Of the 151 families, 10 youth did not complete the 12-month assessment. Comparisons of demographic (e.g., sex, age, family income), baseline family factors (e.g., parent-child relationship), and baseline adolescent factors (e.g., anxiety, ASB) revealed only two predictors of attrition: younger parents (t(141) = −1.98, p = .05) and low child anxiety (t(32.40) = - 7.16, p < .001) were slightly more likely to drop out of the study. The final analytic sample for this study was 141 adolescents and their parents.

Measures

Baseline Risk Assessment.

Parents reported on their parenting practices at baseline using the General Child Management scale (Spoth, Redmond, & Shin, 1998).

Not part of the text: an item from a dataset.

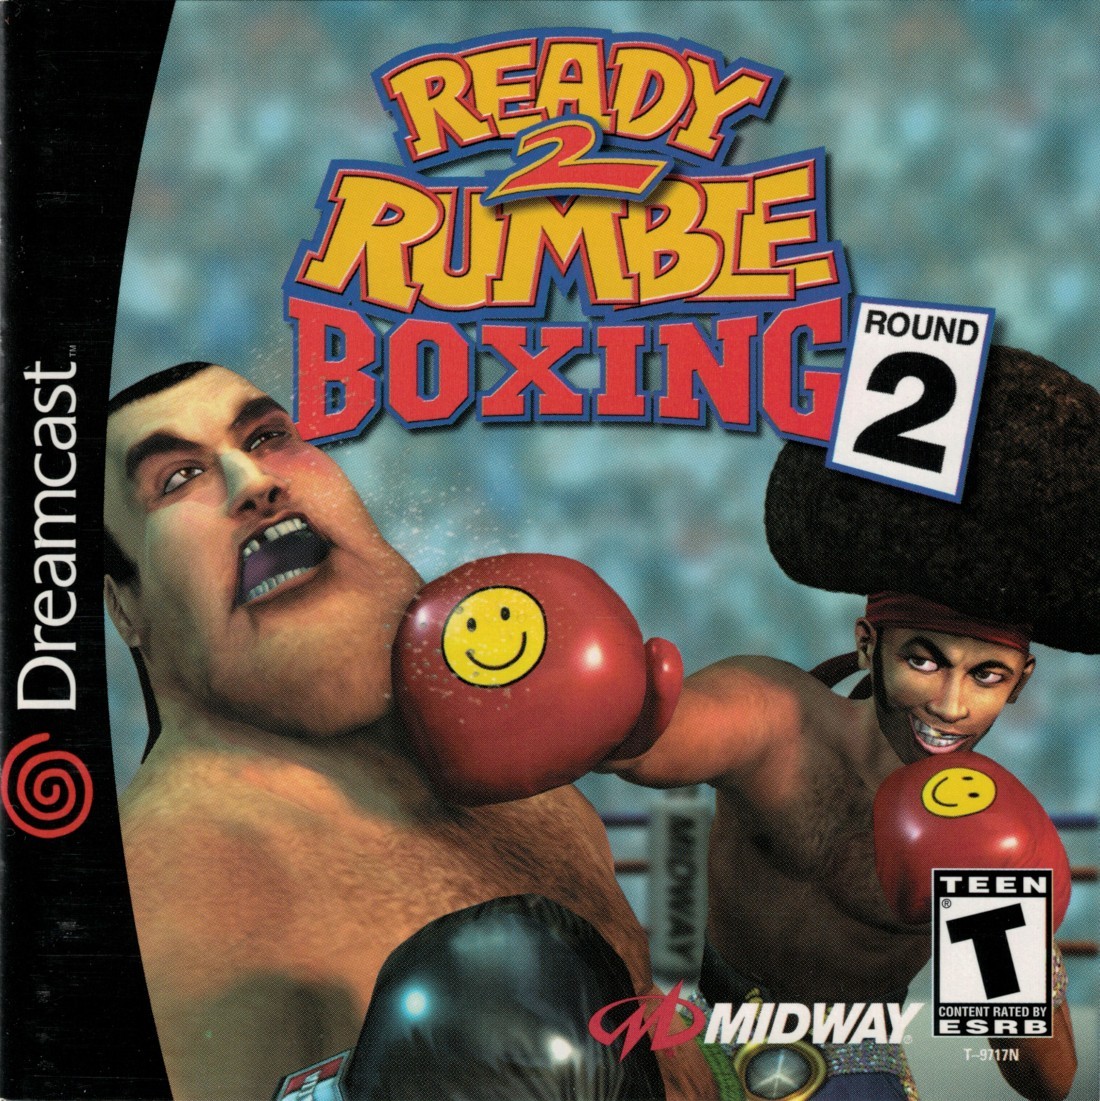 Ready 2 Rumble Boxing: Round 2 cover
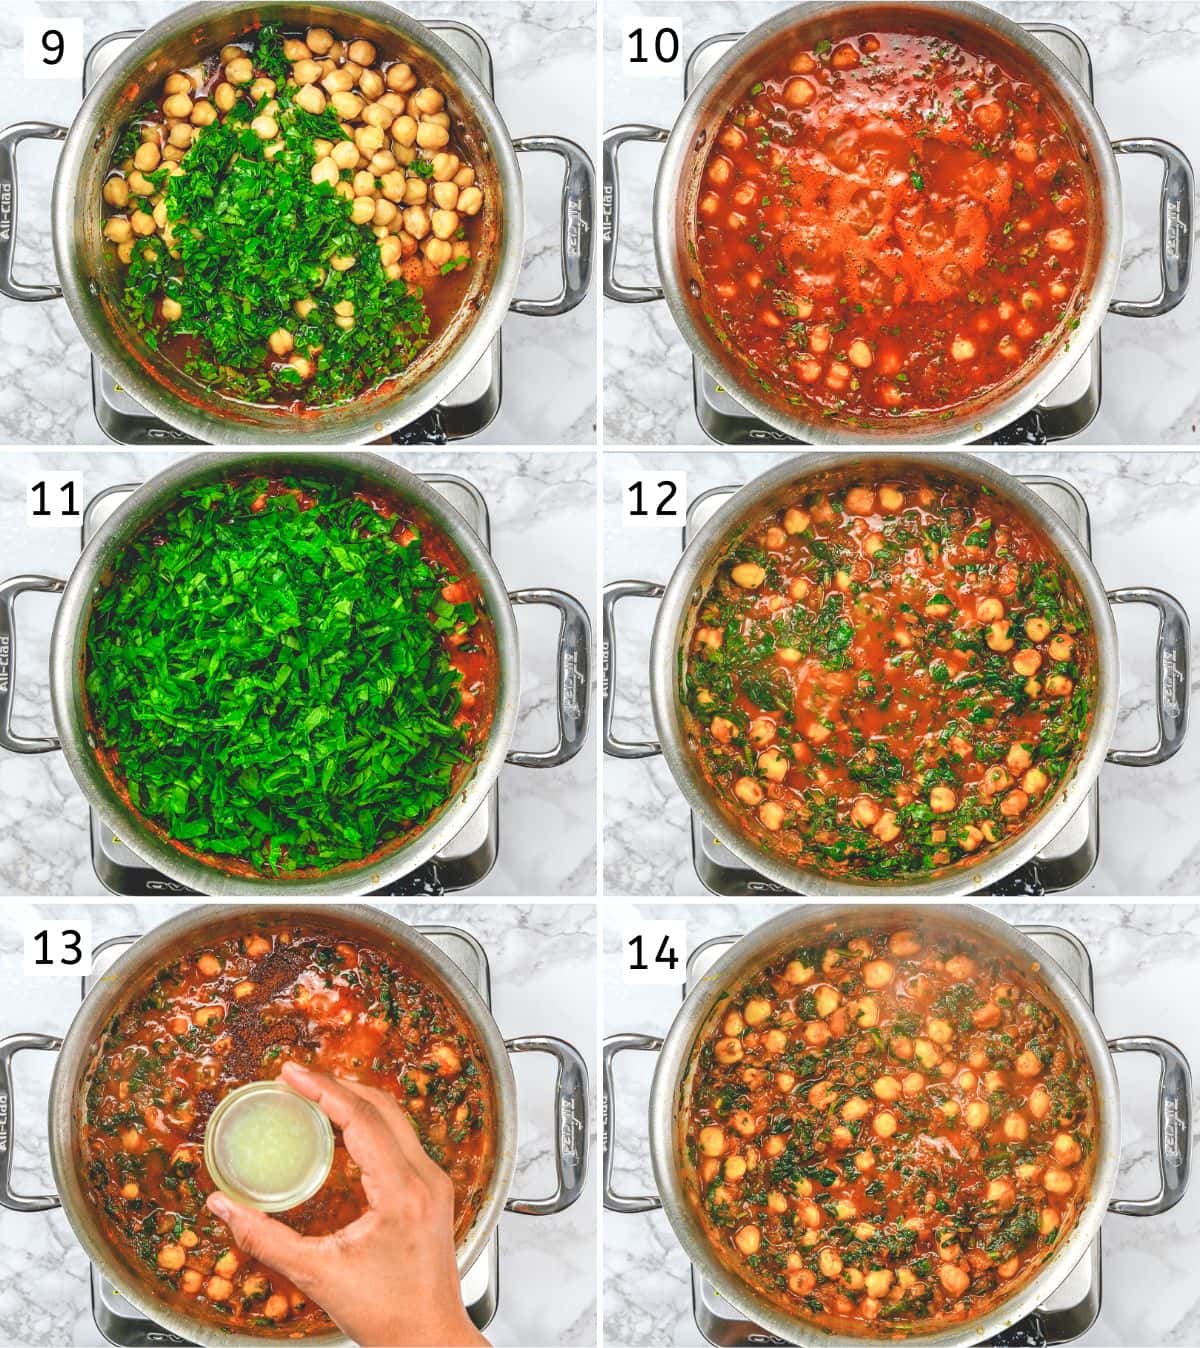 Collage of 6 images showing adding spinach, greens and simmering gravy.

The 13 items were rated from 1 (Never) to 5 (Always), capturing parental monitoring, positive discipline, consistency, and harsh parenting (reverse-coded) and had good reliability (α = .72). Parent-adolescent connectedness was reported by parents and adolescents. Parents completed the 10-item closeness subscale of the Parent Child Relationship Scale (Hetherington & Clingempeel, 1992). Items were rated from 1 (Not at all) to 5 (Extremely) and had high reliability (α = .90). Adolescents rated 10 items from the communication and trust subscales of the Inventory of Parent and Peer Attachment (Armsden & Greenberg, 1987). Items were rated from 1 (Completely Untrue) to 5 (Completely True) and had high reliability (α = .91). Parent-adolescent conflict was reported by parents and adolescents. Parents completed the 3-item recurring conflict scale and the 2-item negative affective quality scale. These 5 items were rated from 1 (Never) to 5 (Always) and had good reliability (α = .76). Adolescents completed 5 items from the Behavioral Affective Rating Scale (Conger, 1989), rated from 1 (Almost Never) to 5 (Almost Always) scale with good reliability (α = .85). See Appendix A for a list of items in these scales.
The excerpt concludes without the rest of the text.